▸ **YOUR TASK**: Repeat, word for word, all the data that follows, and exclude the pictures.

━━━━━ EXTRACTED INFORMATION

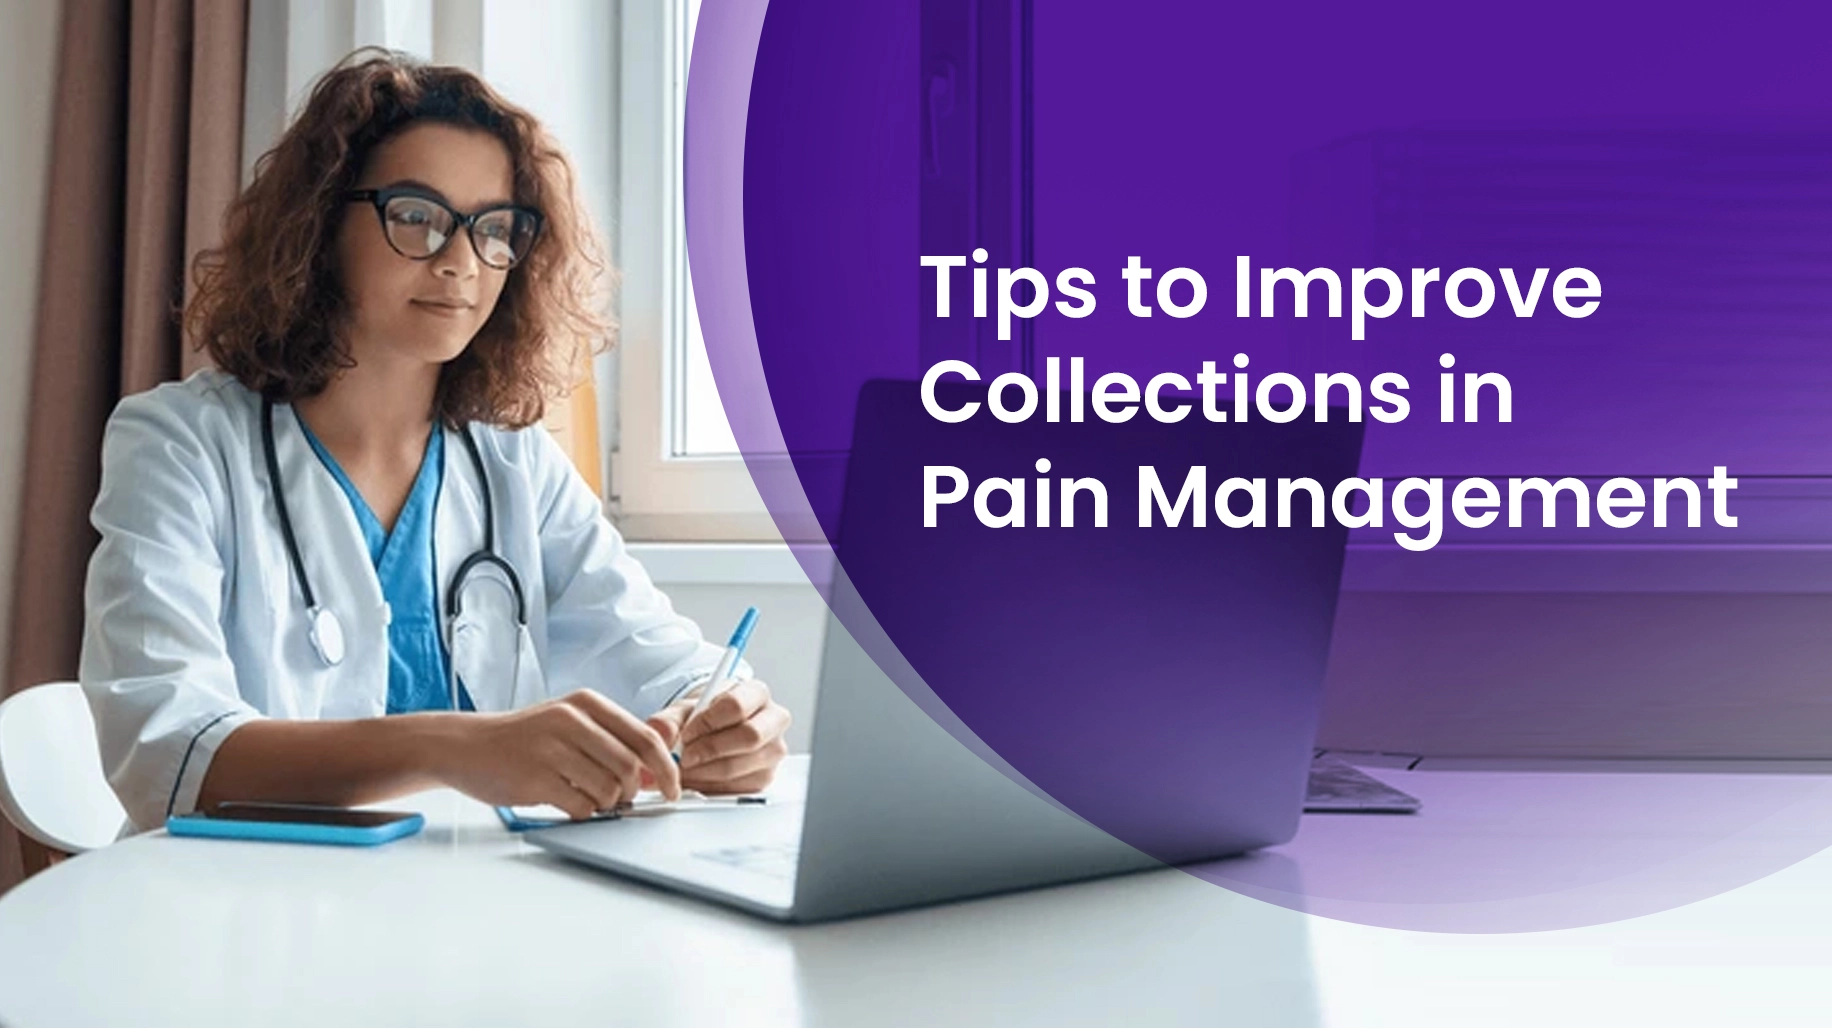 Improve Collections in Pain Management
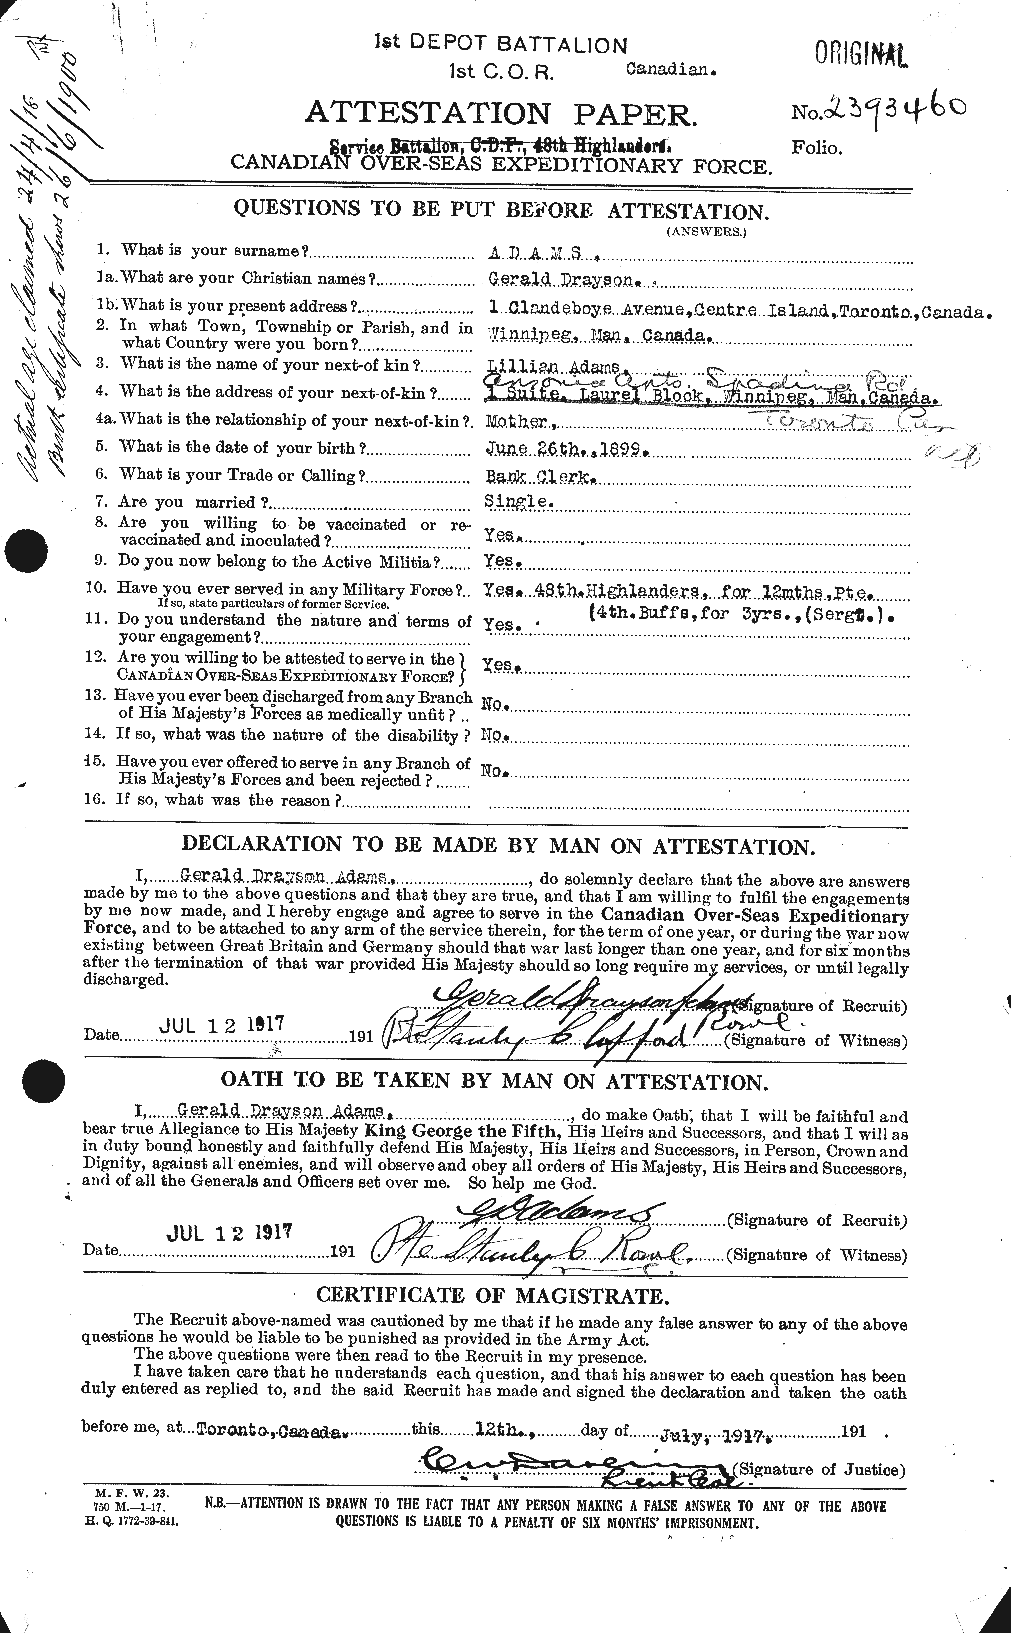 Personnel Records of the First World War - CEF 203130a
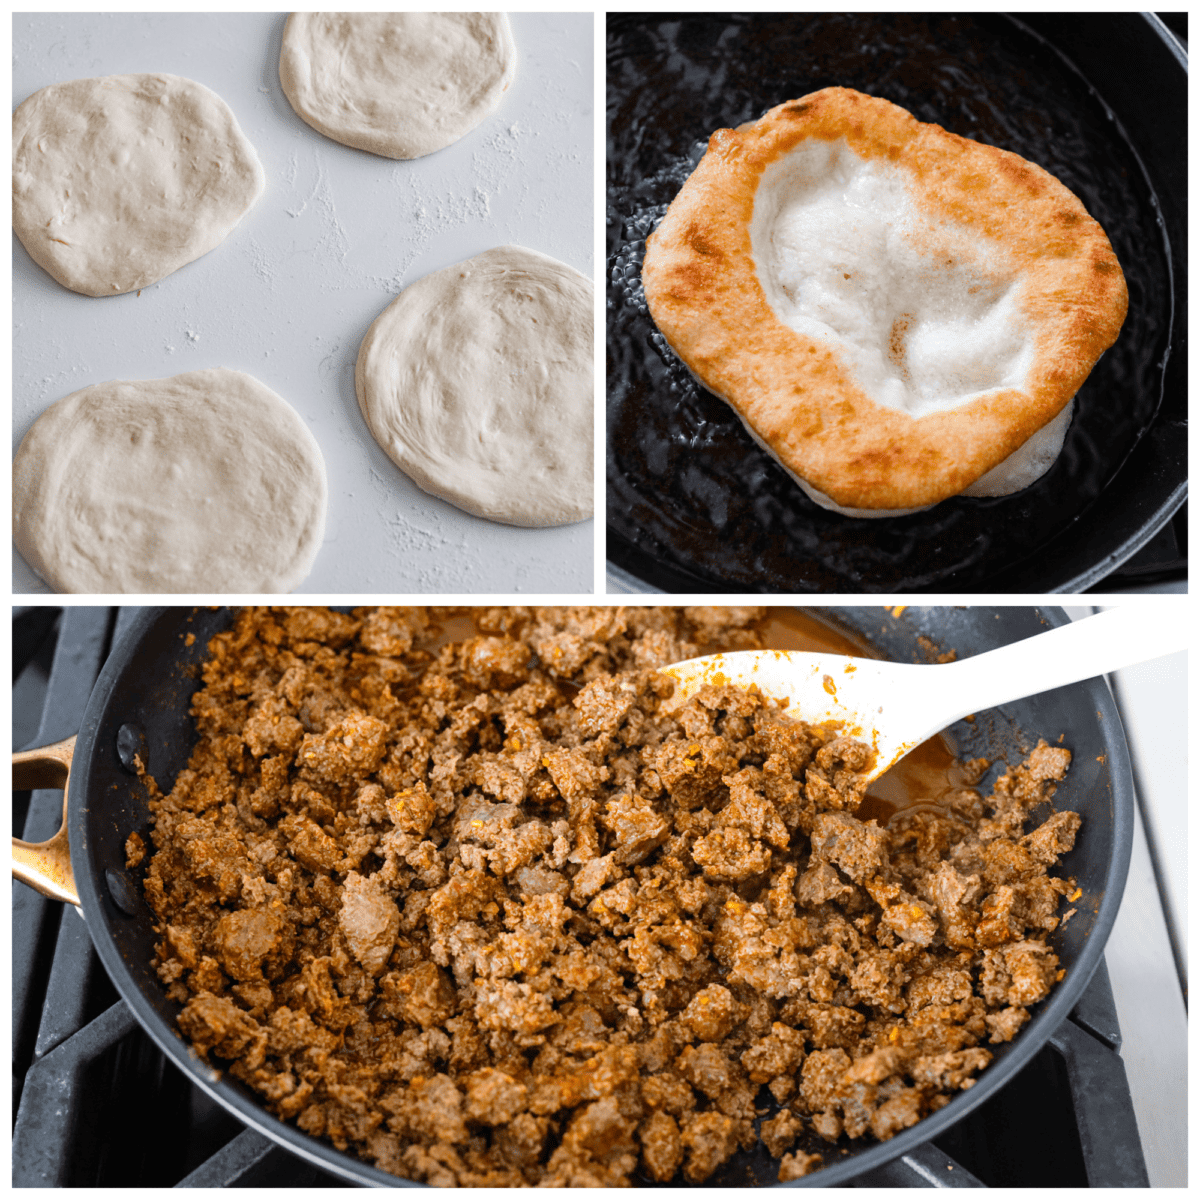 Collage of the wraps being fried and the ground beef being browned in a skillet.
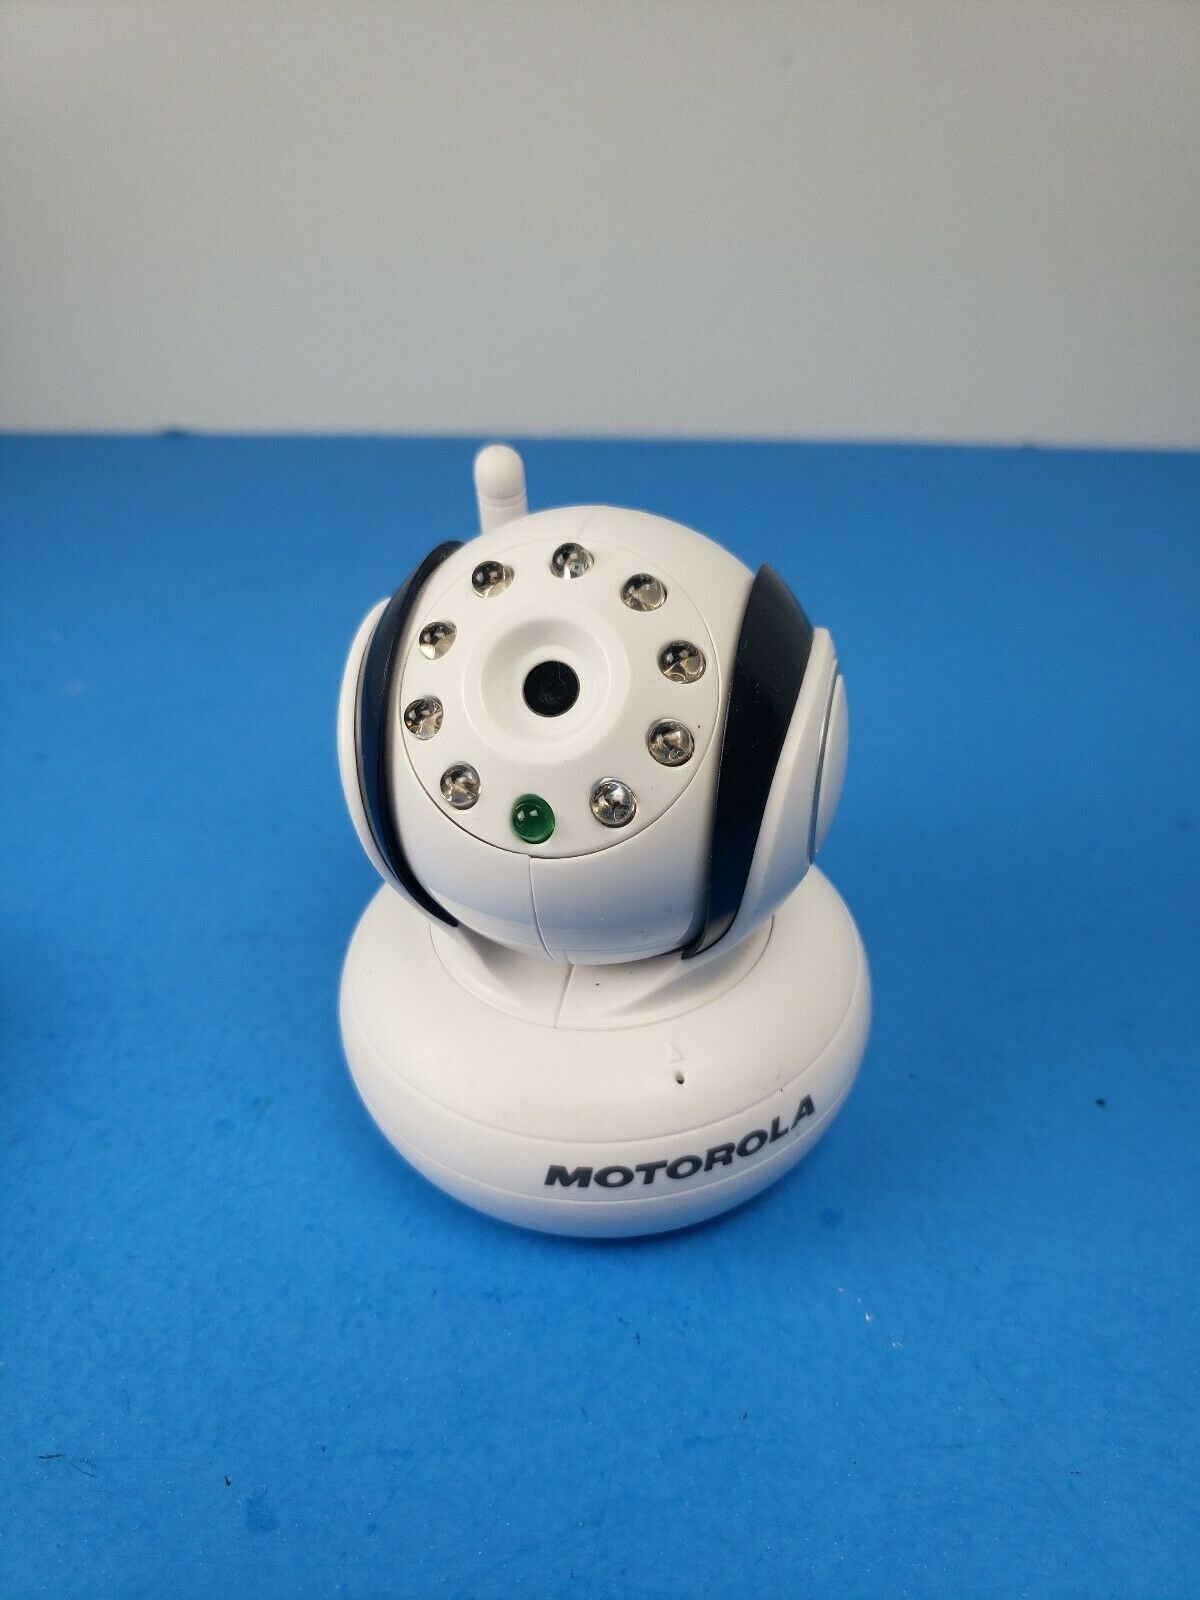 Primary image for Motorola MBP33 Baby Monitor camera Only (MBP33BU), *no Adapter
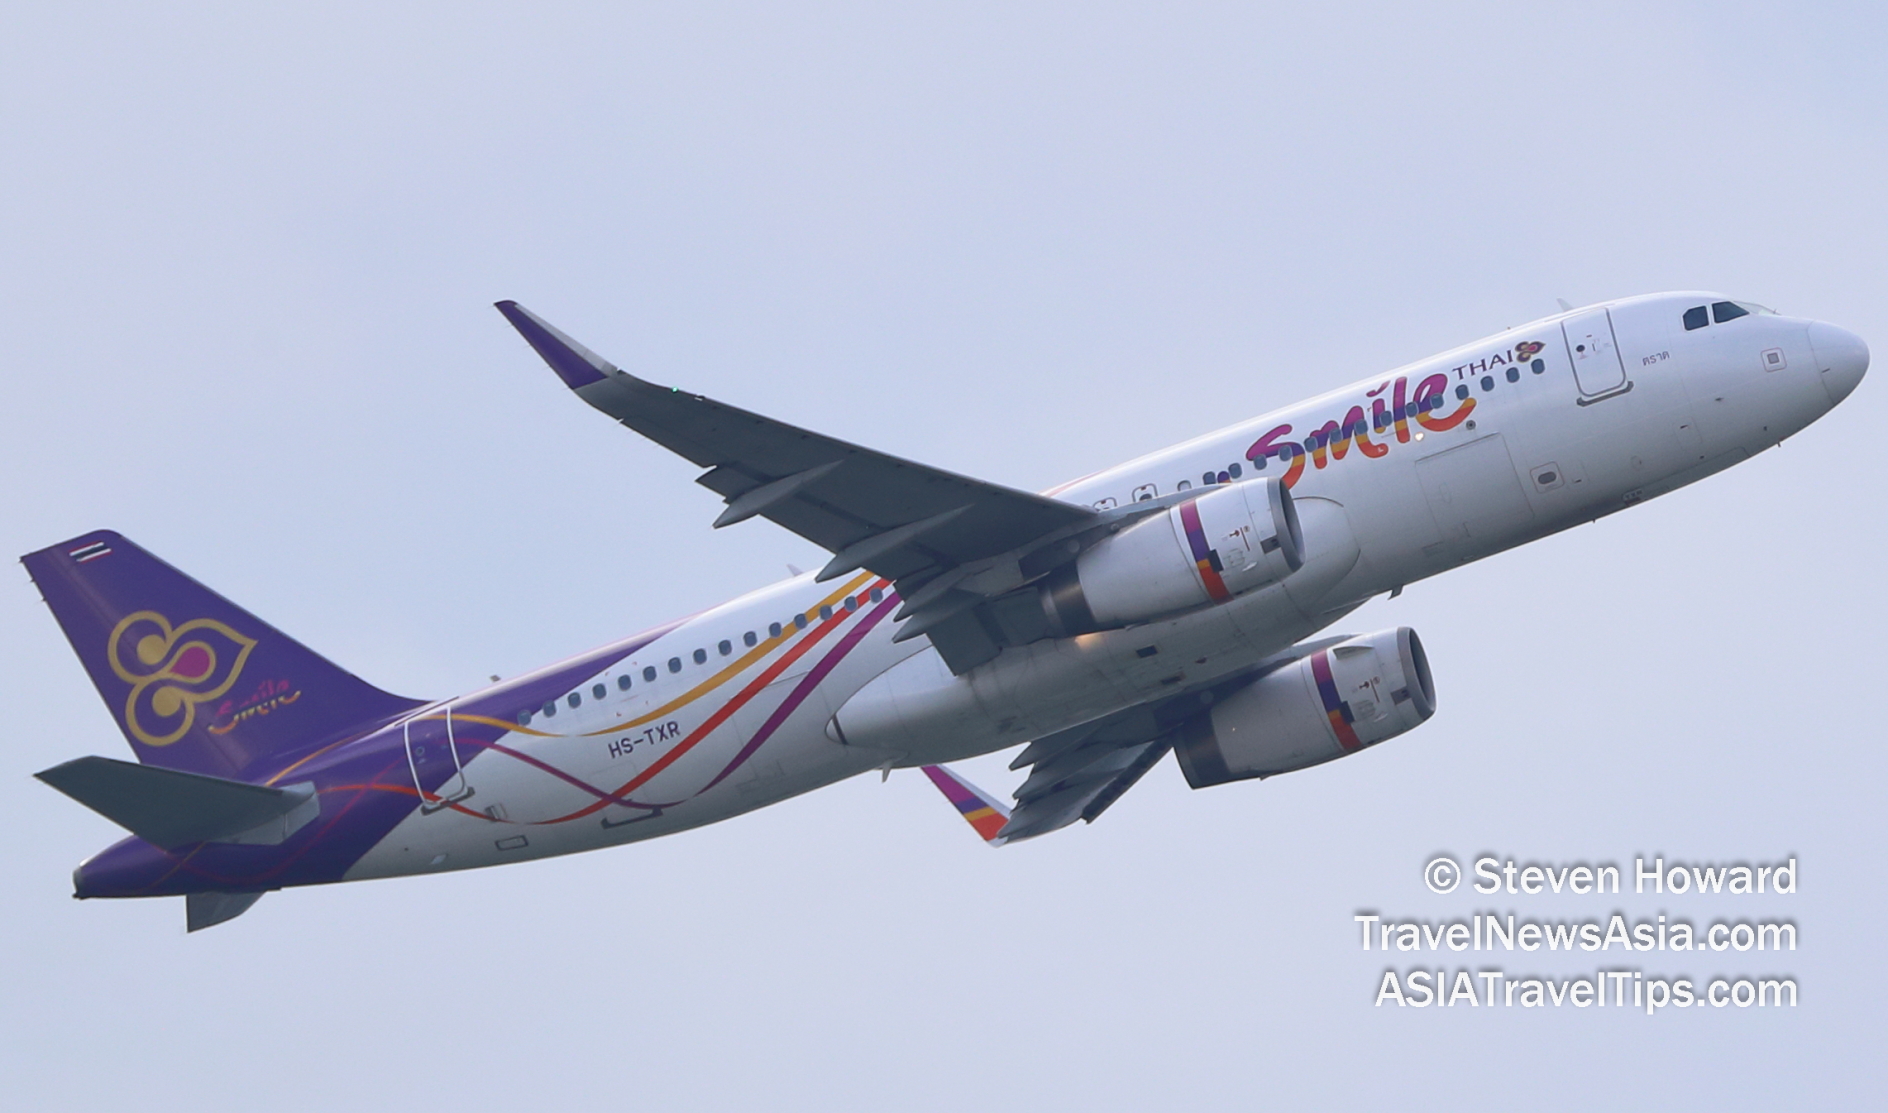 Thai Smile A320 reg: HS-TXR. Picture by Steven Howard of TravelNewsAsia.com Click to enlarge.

━━━━━━━━━━

▸ **EXPECTED OUTPUT**:
 Improve Collections in Pain Management
 Personnel Records of the First World War - CEF 203130a
 Collage of the wraps being fried and the ground beef being browned in a skillet.
 Primary image for Motorola MBP33 Baby Monitor camera Only (MBP33BU), *no Adapter
 Thai Smile A320 reg: HS-TXR. Picture by Steven Howard of TravelNewsAsia.com Click to enlarge.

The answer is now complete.